[RECORDS FOR PROCESSING — start]

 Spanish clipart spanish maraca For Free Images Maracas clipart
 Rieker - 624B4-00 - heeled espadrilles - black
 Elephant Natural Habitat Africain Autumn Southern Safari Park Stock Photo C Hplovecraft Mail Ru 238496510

[RECORDS FOR PROCESSING — finish]
[RECORDS FOR PROCESSING — start]

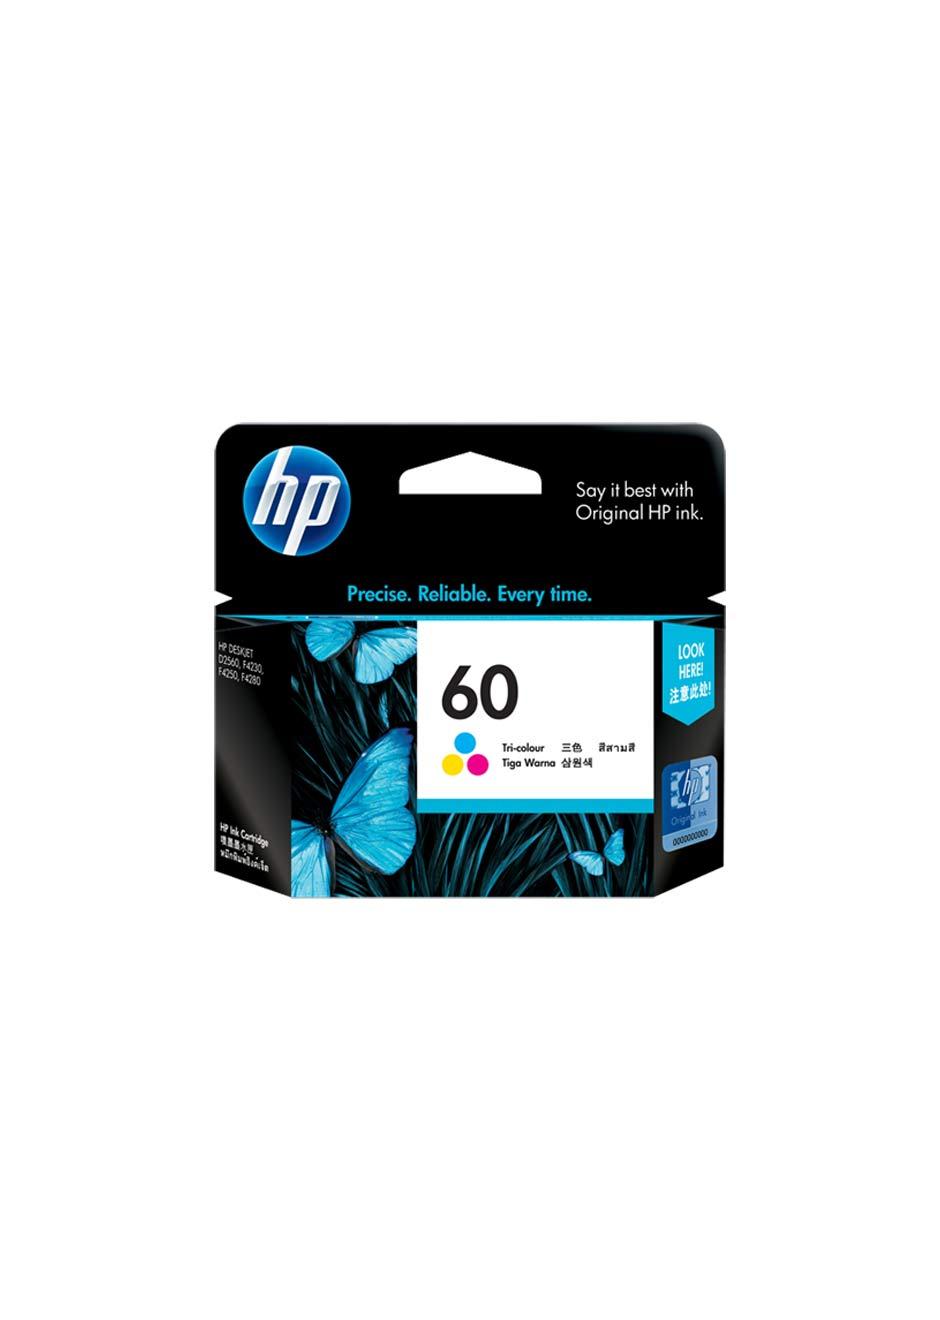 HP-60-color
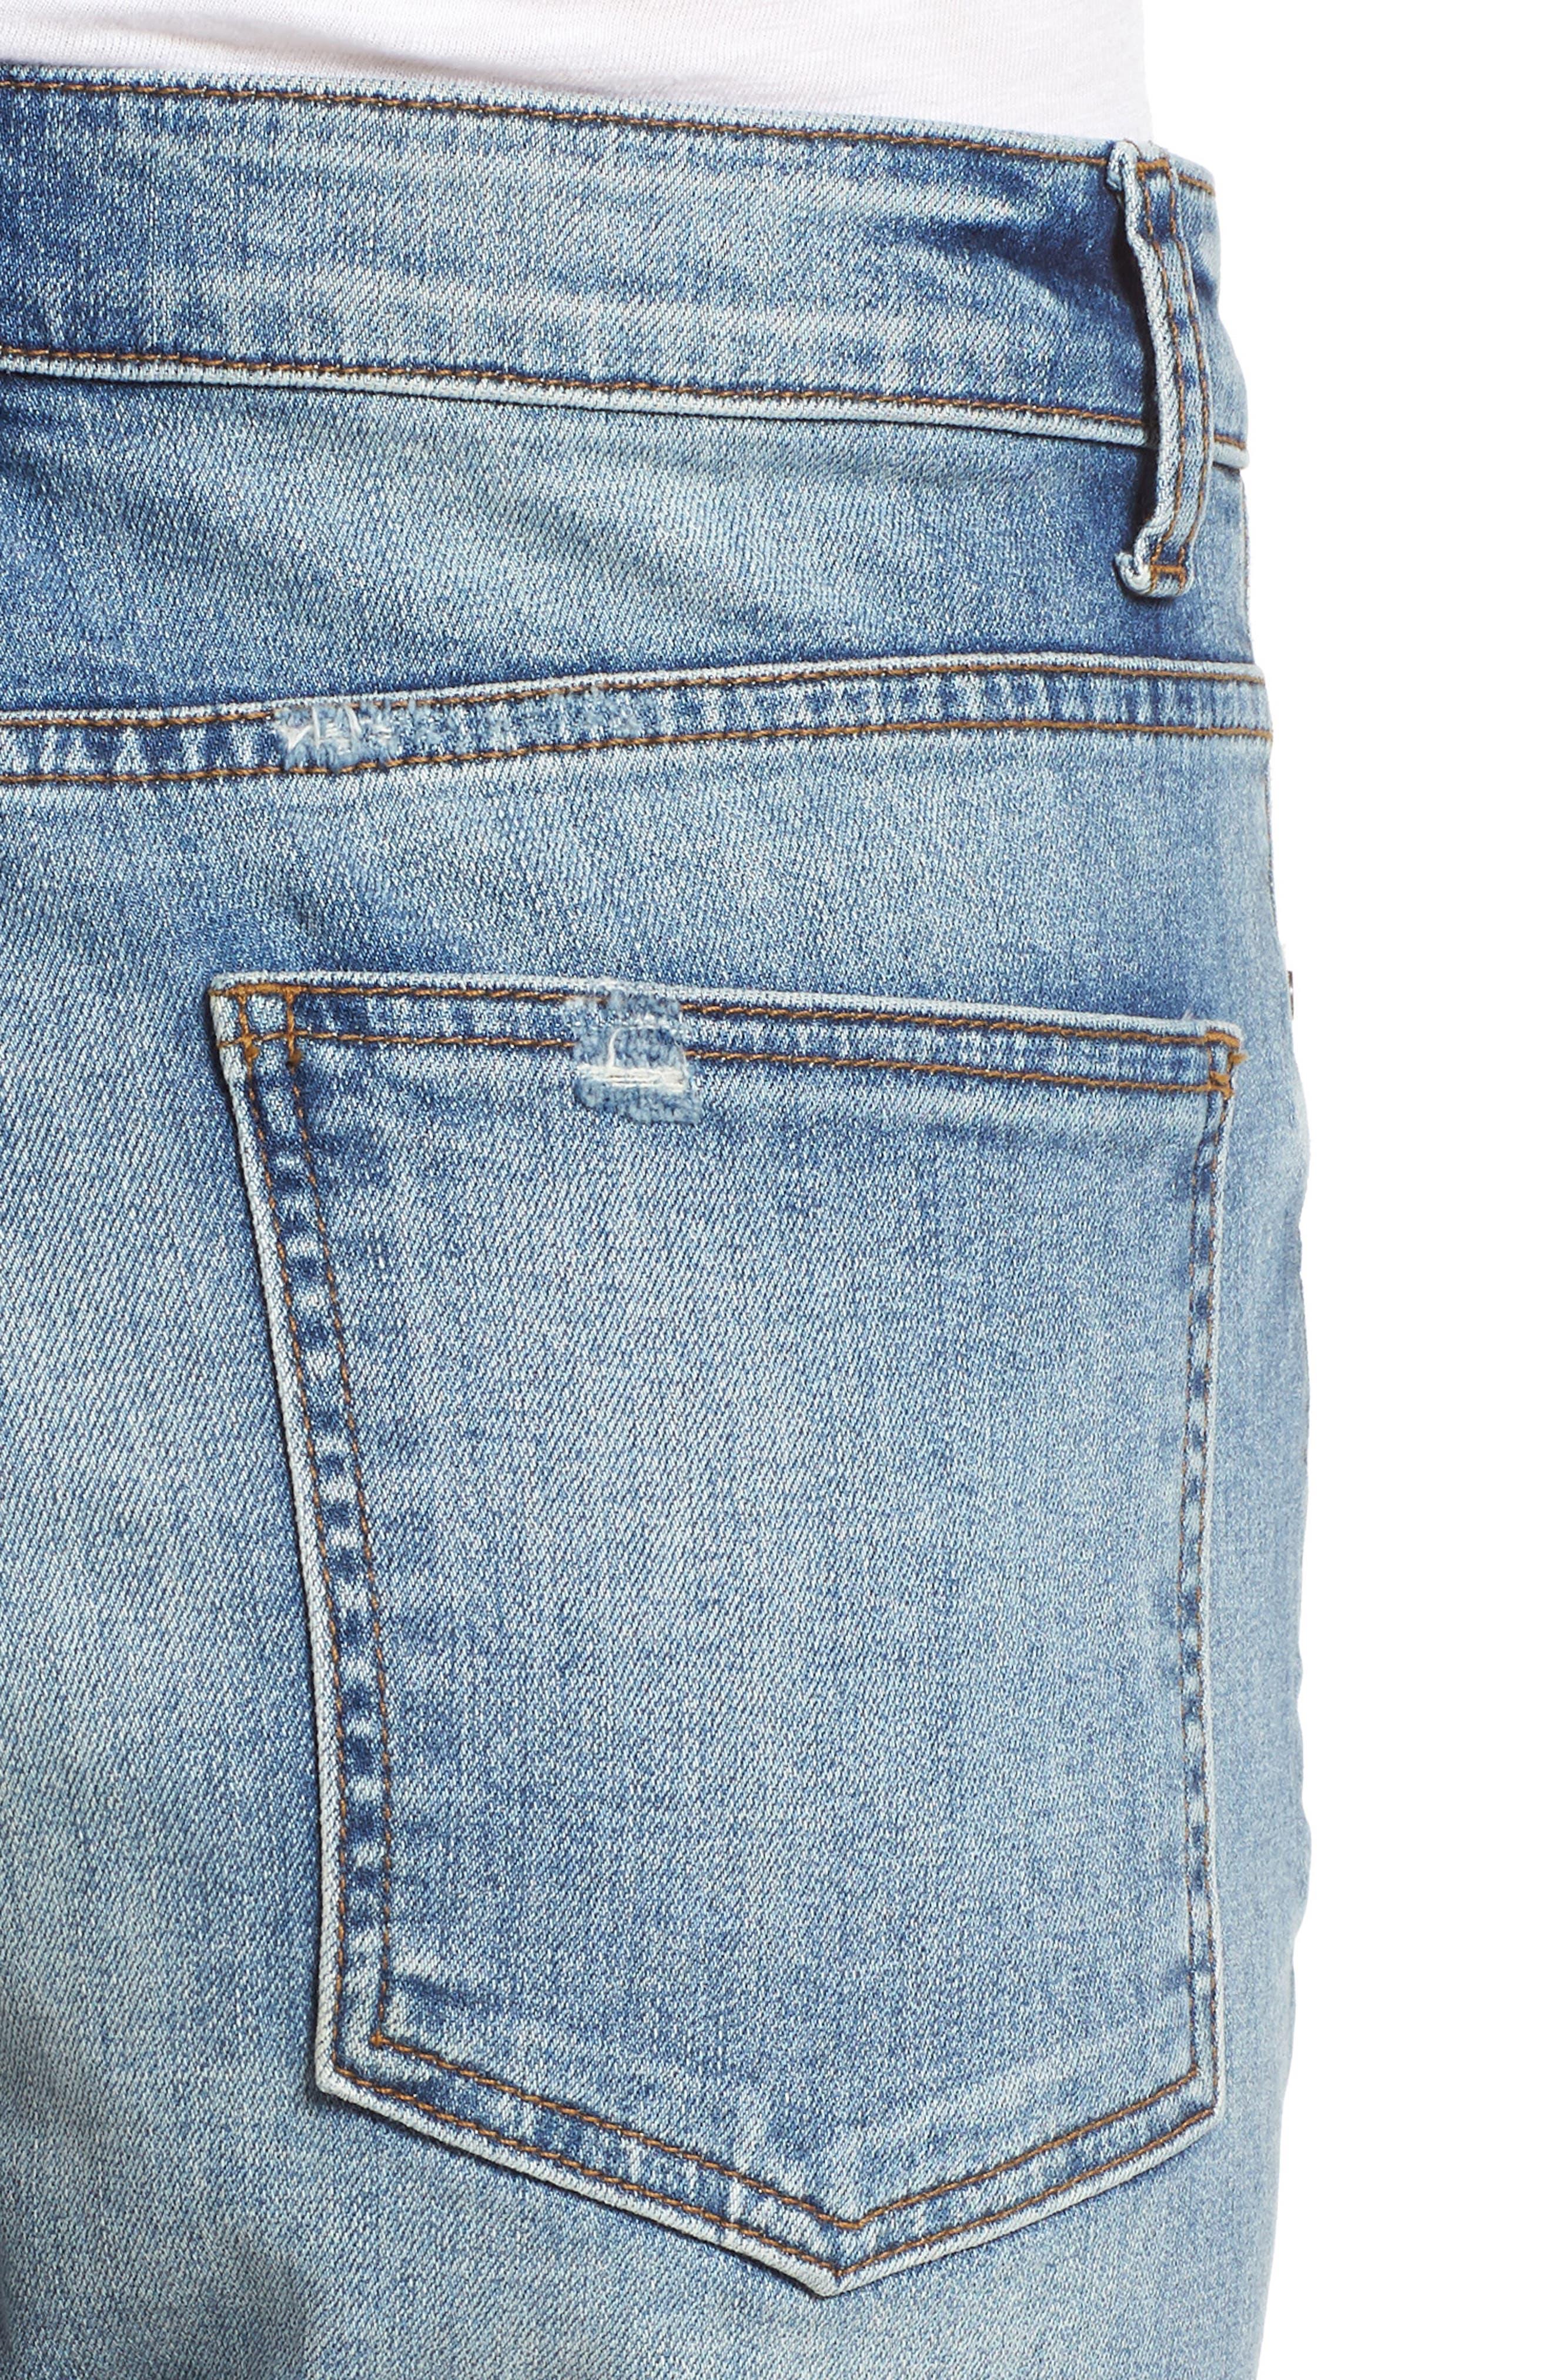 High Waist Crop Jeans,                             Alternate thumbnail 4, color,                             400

[RECORDS FOR PROCESSING — finish]

EXERCISE REQUIREMENTS
Between and including the line above that contains "HP-60-color" and the line that contains "High Waist Crop", restate every line word for word. Pictures stay out.

RESULT BELOW
 HP-60-color
 High Waist Crop Jeans,                             Alternate thumbnail 4, color,                             400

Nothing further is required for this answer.